In some embodiments, for each first detection frame, deriving the relative position feature of the first detection frame based on the data for the first detection frame of each associated second detection frame of the first detection frame comprises: for each relevant second detection frame, encoding the data of the relevant second detection frame aiming at the first detection frame to obtain the encoding of the data of the relevant second detection frame aiming at the first detection frame; generating an encoding of the first detection box, the encoding of the first detection box comprising: each of the first detection boxes is associated with an encoding of data for the first detection box of a second detection box; and inputting the code of the first detection frame into the multilayer perceptron to obtain the output characteristics of the multilayer perceptron, and performing maximum pooling processing on the output characteristics of the multilayer perceptron to obtain the relative position characteristics of the first detection frame.

The process of obtaining the data of the relevant second detection frame of the first detection frame for the first detection frame refers to the process of obtaining the data of the relevant second detection frame of the first detection frame for the first detection frame described in step 102.

In the present application, the multilayer perceptron sequentially comprises, in the direction from input to output: the circuit comprises a first full connection layer, a rectification linear unit (Relu for short) connected with the first full connection layer, and a second full connection layer connected with the rectification linear unit.

And for a first detection frame, inputting the code of the first detection frame into the multilayer perceptron, receiving the code of the first detection frame by a first full-connection layer in the multilayer perceptron, and processing the code of the first detection frame to obtain the output characteristic of the first full-connection layer. The rectifying linear unit processes the characteristics output by the first full connection layer to obtain the characteristics output by the rectifying linear unit, the second full connection layer processes the characteristics output by the rectifying linear unit to obtain the characteristics output by the second full connection layer, and the characteristics output by the second full connection layer are used as the characteristics output by the multilayer perceptron.

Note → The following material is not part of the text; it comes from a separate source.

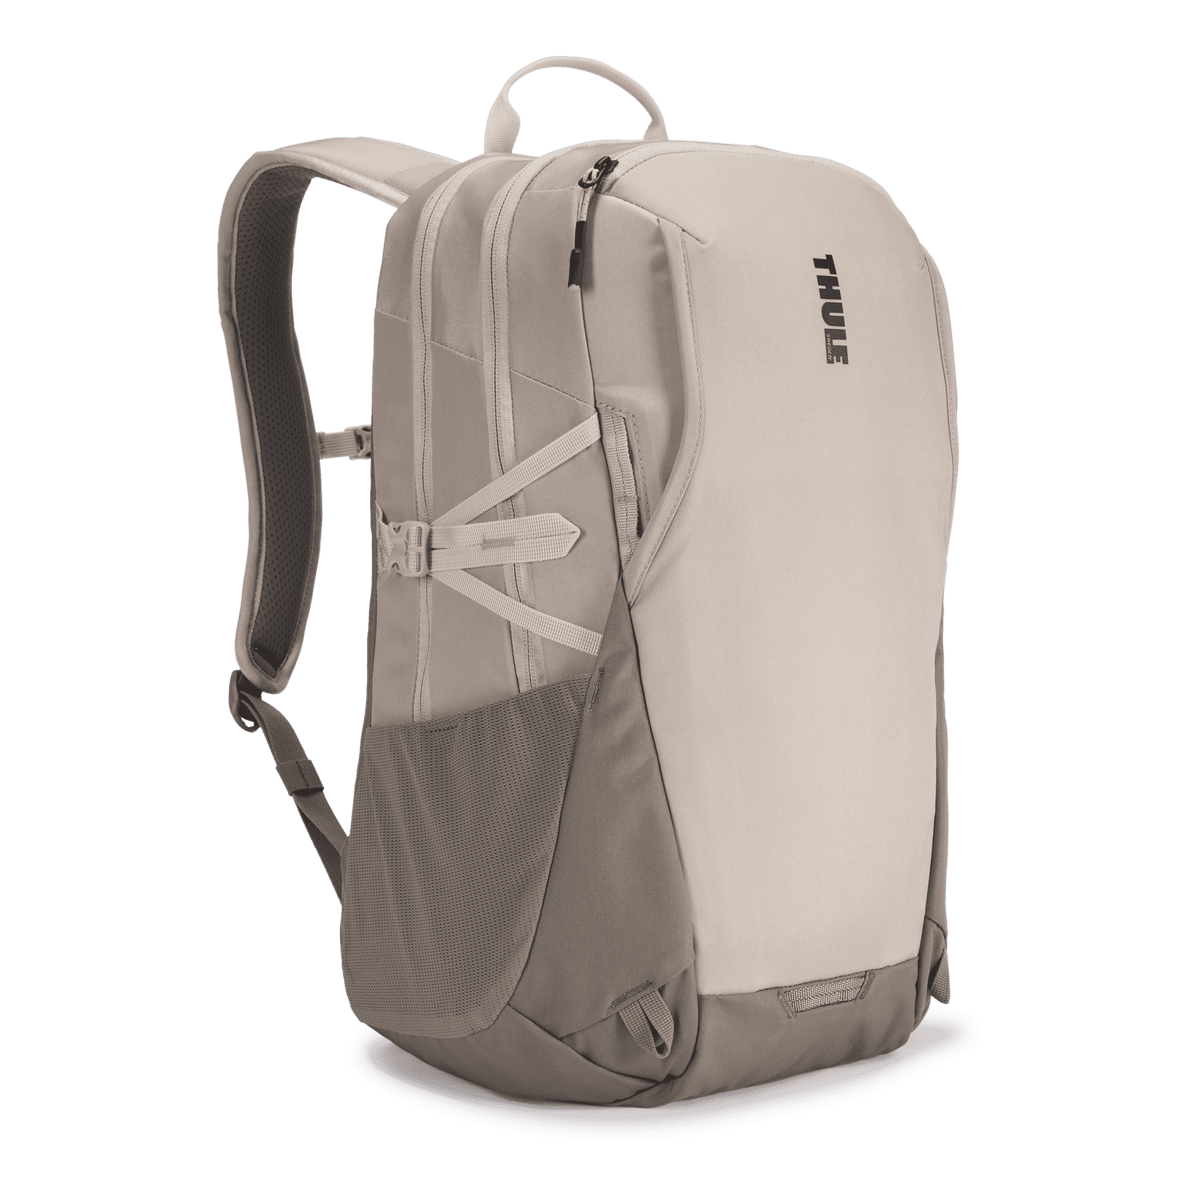 Thule EnRoute backpack 23L pelican gray/vetiver gray

In the present application, if the features output by one multi-layer sensor are subjected to maximum pooling to obtain the relative position features of the first detection frame, when the enhancement features of the first detection frame are obtained based on the relative position features of the first detection frame and the current features of the first detection frame, the current features of the first detection frame may be input to another multi-layer sensor having the same structure as the one multi-layer sensor, and the enhancement features of the first detection frame may be obtained by adding the features output by the another multi-layer sensor to the relative position features of the first detection frame.

Please refer to fig. 2, which shows a flowchart of obtaining the updated feature of the first detection box.

And inputting the code of the first detection frame into the multilayer perceptron, and performing maximum pooling on the characteristics output by the multilayer perceptron to obtain the relative position characteristics of the first detection frame. And inputting the current characteristic of the first detection frame into another multi-layer perceptron, and adding the characteristic output by the other multi-layer perceptron and the relative position characteristic of the first detection frame to obtain the enhanced characteristic of the first detection frame. The enhanced features of the first detection frame can be processed by using the full connection layer, so that the enhanced features of the processed first detection frame are obtained. And adding the processed enhanced features of the first detection frame with the learnable features to obtain the updated features of the first detection frame.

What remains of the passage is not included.